Conformemente a questo percorso tripartito verso la finzione, il film rappresenta lo spazio come un vero e proprio prolungamento dei personaggi: nel primo atto a dominare è il paesaggio associato alla figura di Arnaud, un paesaggio stagnante e caratterizzato da una sostanziale piattezza (il lago costituisce a tutti gli effetti lo specchio naturale del personaggio), nel secondo è invece il dinamismo di Madeleine a riverberarsi nell’ambiente del campus militare, riflettendosi in un territorio più movimentato e accidentato (la regione del Béarn, nel sud della Francia a ridosso dei Pirenei, con la sua alternanza di zone pianeggianti, boschi e rilievi), mentre nel terzo, infine, è l’universo inventato dai due a imporsi, una dimensione quasi fiabesca che si traduce concretamente in una foresta delle Landes, regione in cui Cailley è cresciuto, caratterizzata da un terreno sabbioso in cui gli alberi non sono stabili e tendono a chiudersi sopra il fiume, creando uno scudo protettivo che isola Arnaud e Madeleine dal resto del mondo. Questa foresta-galleria diventa una sorta di spazio edenico: la fine del mondo ipotizzata e attesa da Madeleine si tramuta inaspettatamente in qualcosa di simile all’inizio del mondo, a una condizione primordiale e originaria. Persino la tavolozza cromatica della pellicola varia di atto in atto: curata da David Calley, fratello del regista, la fotografia asseconda l’idea del viaggio finzionale, passando dalle tonalità fredde e bluastre dell’inizio ai verdi punteggiati di nero e marrone della seconda parte per accendersi, nell’ultimo atto, con verdi brillanti, gialli dorati e chiarori diffusi.

Ho lavorato molto nelle fasi di preparazione col direttore della fotografia, mio fratello David Cailley. Il film raccontava il tragitto di due personaggi e anche la luce doveva raccontare questo tragitto. Non volevamo fare un film monocromo. La pellicola inizia con tonalità blu piuttosto fredde (il cielo estivo, la piscina, l’interno della discoteca). Nella seconda parte tocchi di giallo si mischiano al blu per dare il verde dell’esercito, al quale si mescolano toni neri e marroni. Dolcemente la luce si riscalda. Poi, nella terza parte, la dominante gialla si accentua nella foresta. I verdi si rischiarano, il fiume assume un colore dorato, esattamente come i corpi, e le notti sono illuminate da falò arancioni. Parallelamente, il quadro si fa sempre più mobile intorno ai personaggi e si apre su orizzonti più larghi, prospettive più ampie.

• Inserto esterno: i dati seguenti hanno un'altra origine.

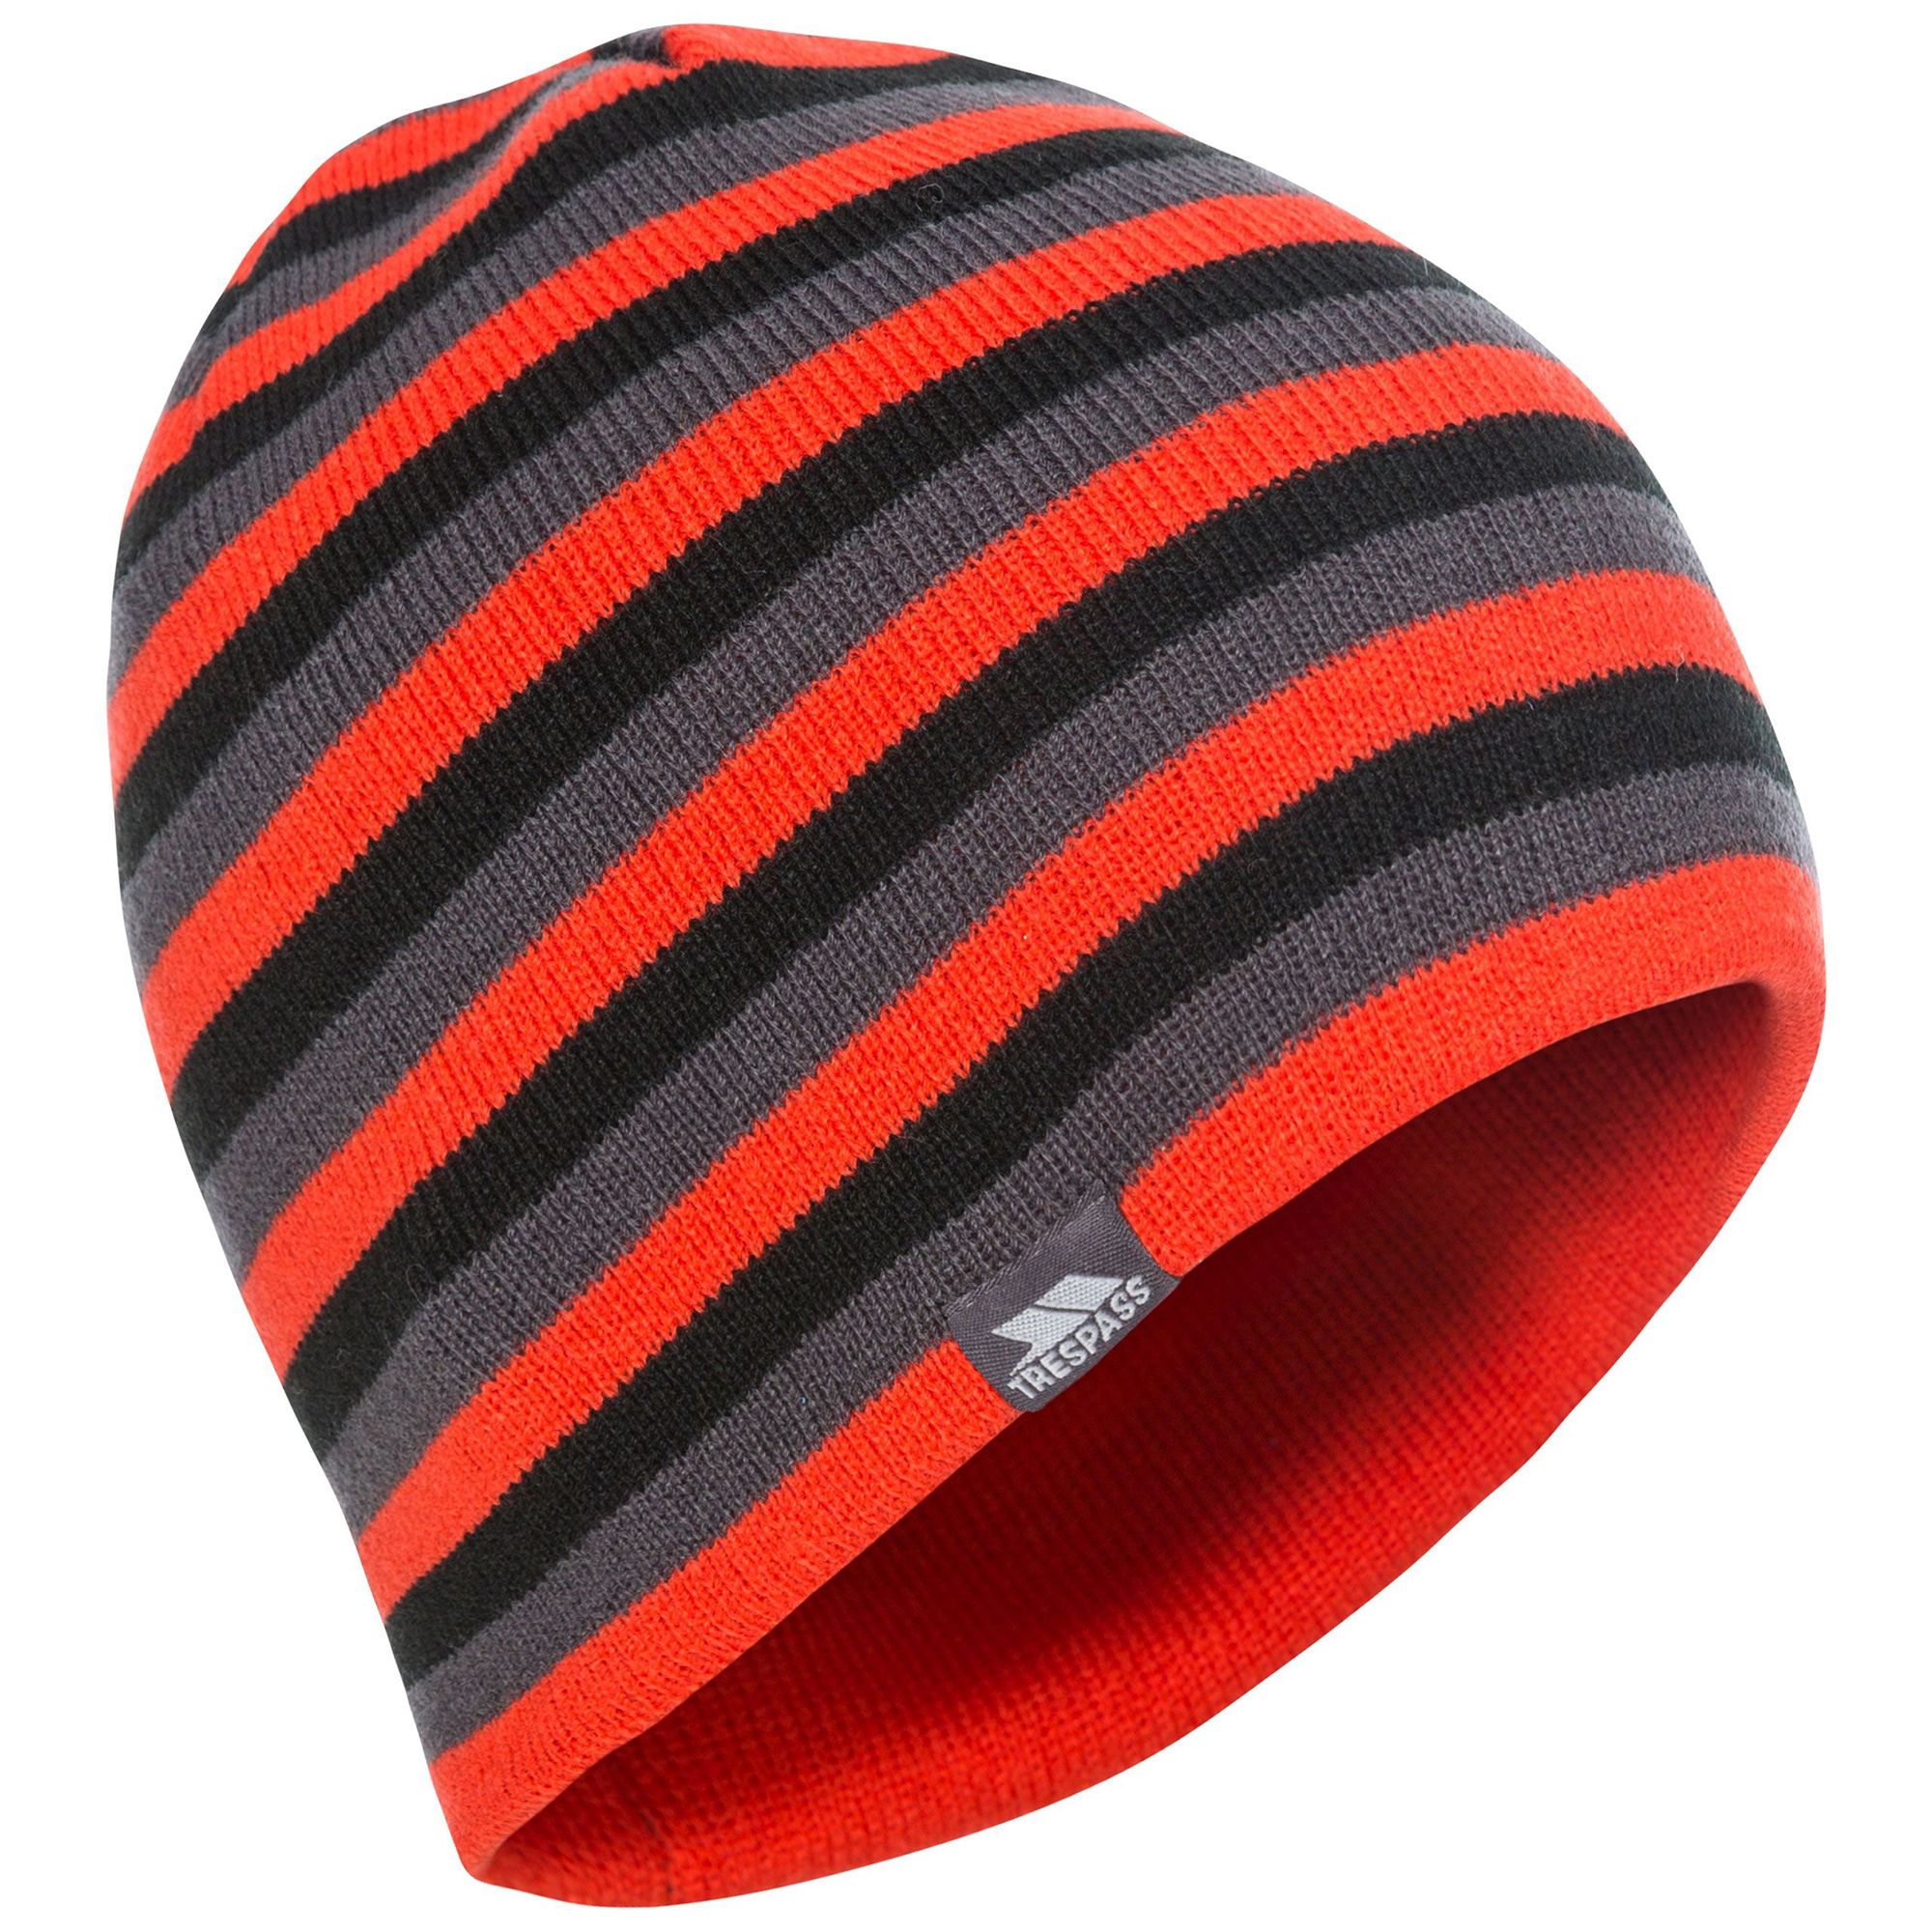 The Coaker men`s knitted beanie will allow you to add a little colour to your day as well as stay warm when running errands during the winter months. Reversible. Material: 100% knitted acrylic.

Ma il dato più significativo di Les Combattants, vincitore di svariati premi alla Quinzaine des réalisateurs di Cannes 2014 e ai César del 2015 (tra i quali migliore opera prima, migliore attrice per Adèle Haenel e migliore promessa maschile per Kévin Azaïs), risiede nella sua personalità stilistica. Nonostante sia un film accuratamente pensato (le dichiarazioni di Cailley ricavate dal dossier de presse lo testimoniano a sufficienza) e scrupolosamente pesato in ogni sua componente (basti pensare alla sequenza del soccorso finale, vera e propria deriva in territori fantascientifici, o all’uso delle sonorità elettroniche degli Hit’n’Run per dare una spinta supplementare alle immagini), Les Combattants non indulge in citazionismi o ammiccamenti cinefili, superando agilmente il complesso d’inferiorità che affligge spesso i film d’esordio e schivando con altrettanta disinvoltura il pericolo opposto, ovvero l’esibizione di stucchevoli e funambolici virtuosismi estetizzanti. Una singolarità cinematografica, quella messa in scena dal primo lungometraggio di Cailley, che, proprio in virtù della sua irriducibilità a modelli facilmente riconoscibili, può dialogare alla pari col cinema francese più maturo e celebrato senza essere schiacciato da paragoni altisonanti o raffronti umilianti. Al contrario e secondo chi scrive, l’equilibrio del registro stralunato, bizzarro e surreale che Les Combattants mantiene con immutata scioltezza per i suoi 98’ entra in risonanza involontaria - ma per questo ancora più avvertibile - con le pellicole del cinema greco contemporaneo (dalle pellicole di Yorgos Lanthimos, soprattutto Kynodontas, ad Attenberg di Athina Rachel Tsangari). E non solo per la capacità di generare un universo filmico tanto irrealistico quanto credibile in bilico tra grottesco e sentimento di catastrofe, ma anche per la propensione a trasformare gradualmente i personaggi da oggetti di puro consumo visivo in soggetti a pieno e agguerrito titolo.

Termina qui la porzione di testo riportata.